Just call them, tell them you'd like to eat on a Saturday as near to 7pm as possible, and what can they do for you.

I've called places like this tons of times for bosses. Ain't no thang.
posted by phunniemee at 8:42 AM on April 20, 2015 [8 favorites]


I don't think these are set table times where a whole restaurant worth of people arrive at once, which would be described as a seating at 4:30 and one at 8. I think there are blocks of times in which reservations can start. The possible early seating times end at 6:30, because past that point, they won't be able to turn your table.

I agree with this interpretation - reading that language I would assume they will be taking 6:30 reservations or 8:30 reservations, etc. I've seen this language for special event menus (like Christmas or Thanksgiving) all the time.
posted by muddgirl at 8:42 AM on April 20, 2015 [1 favorite]


If you want to sound more sophisticated, call and say "does your Saturday night two-seating policy mean you take reservations for either the first or second seating, or does it mean you take no reservations at all?"

Then let them explain. It really could mean either thing, it's confusing, and it's their fault.
posted by Lyn Never at 8:42 AM on April 20, 2015 [7 favorites]


I don't think these are set table times where a whole restaurant worth of people arrive at once, which would be described as a seating at 4:30 and one at 8. I think there are blocks of times in which reservations can start.

Oh, now that I think about it, that makes more sense. Not that some restaurants don't do specific seating times like I had previously suggested, but 4:30 would be absurdly early for the first one, so in this case I think blocks are more probable. But yeah, call and ask.
posted by DevilsAdvocate at 9:33 AM on April 20, 2015 [1 favorite]


I'm going with jacquilynne's interpretation here: you can reserve for any time during the two seating blocks, but not between 6:31pm and 7:59pm, mainly because they can't turn tables booked at 7pm, and also because it gives the kitchen a brief breather to catch up on any prep that might be required for the second seating block.
posted by holgate at 9:43 AM on April 20, 2015


Response by poster: Yeah, I think that seems reasonable - basically that they take reservations for Saturday, but not between 6:30 and 8:00 because they probably won't be able to turn over those tables.

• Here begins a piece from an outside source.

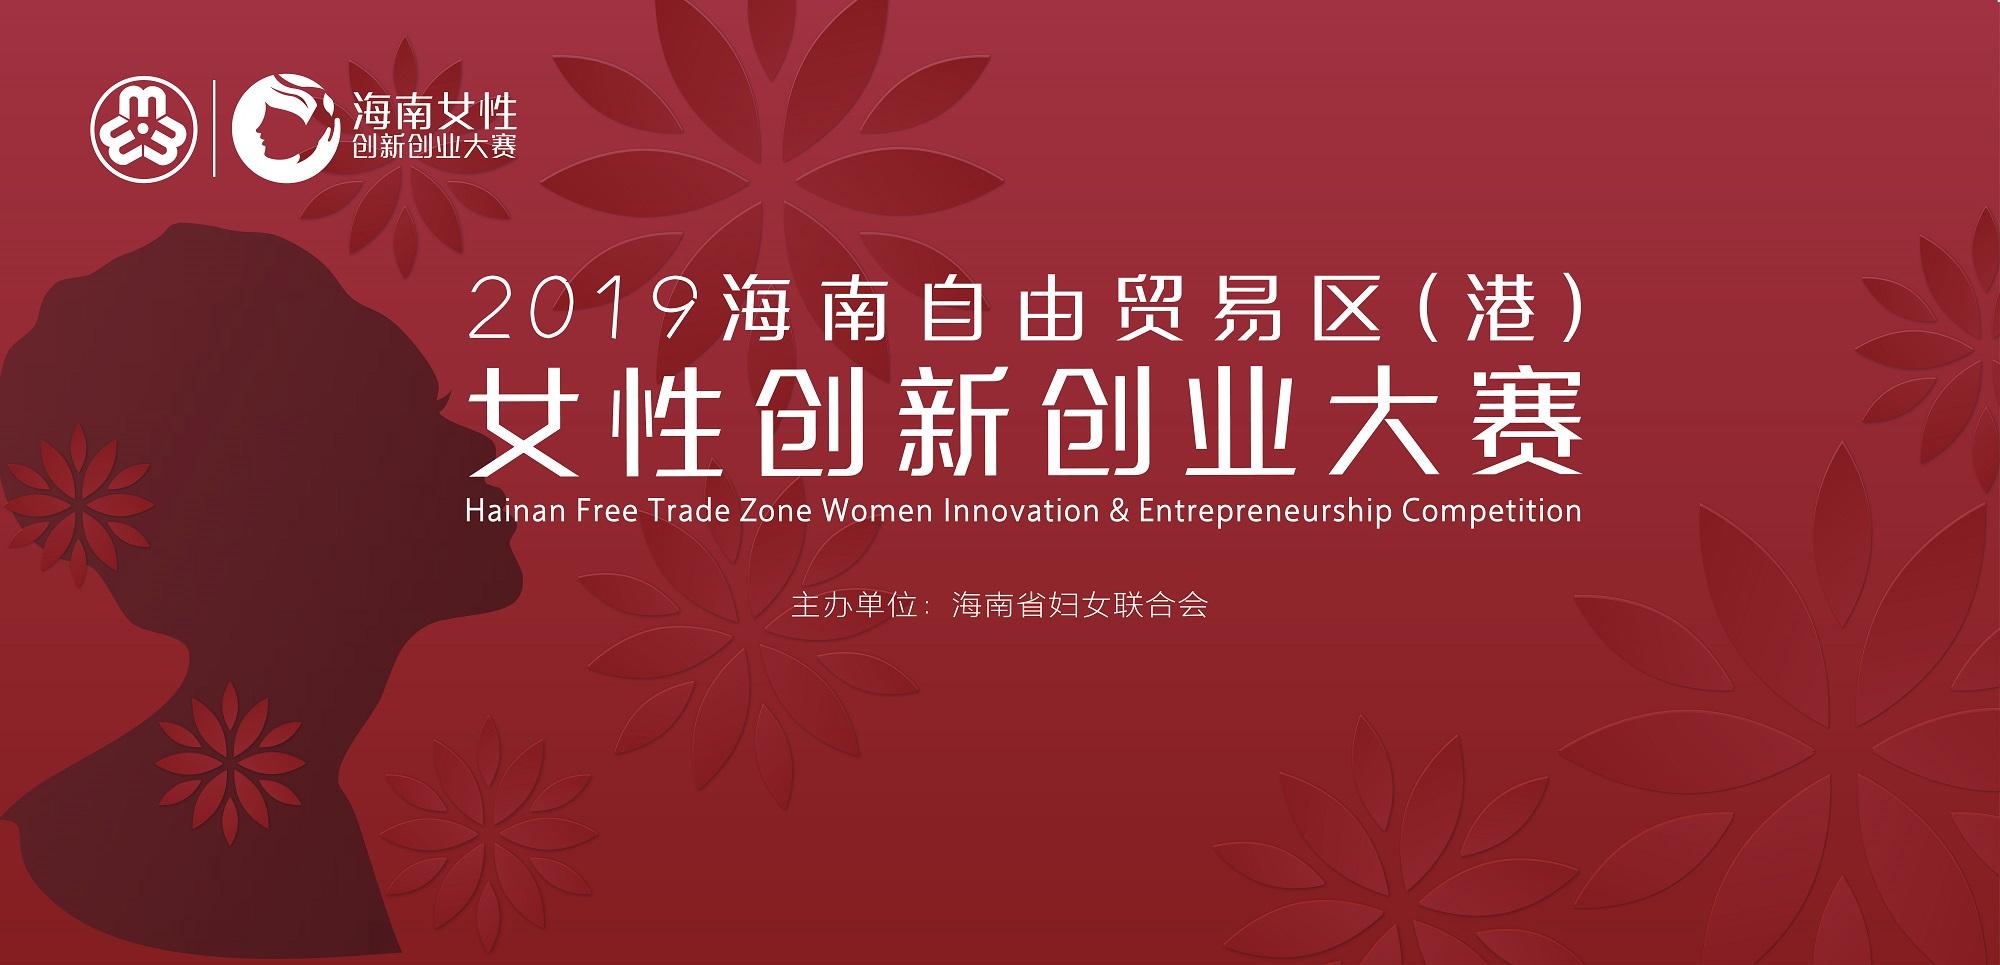 2019海南自贸区(港)女性创新创业大赛直播回顾

I will call tomorrow - because they're closed today - and confirm, and hopefully all will be well. And yes, their site could benefit from a bit more clarity...

Thanks, everyone!
posted by Naberius at 10:04 AM on April 20, 2015


They just say they do the two seatings and assume I know how that works.

It means you should call for reservations.

They are likely popular enough that walk-ups get turned away most of the time. The only way to reliably eat there is to call ahead and thus comply with their schedule. They don't have to say that because the problem is self-correcting in practice. Sucks for you as a casual diner, but their restaurant is still full. They don't see it as a problem.
posted by bonehead at 10:46 AM on April 20, 2015


One other thing to remember is that you don't have to tell them that you've read the website. You could call them up and say "I'd like a reservation for Saturday at 7pm" and then they'd have to explain about their seating policy without ever knowing that you were confused. Not everyone checks the website first, I'm sure they've had to explain it over the phone before.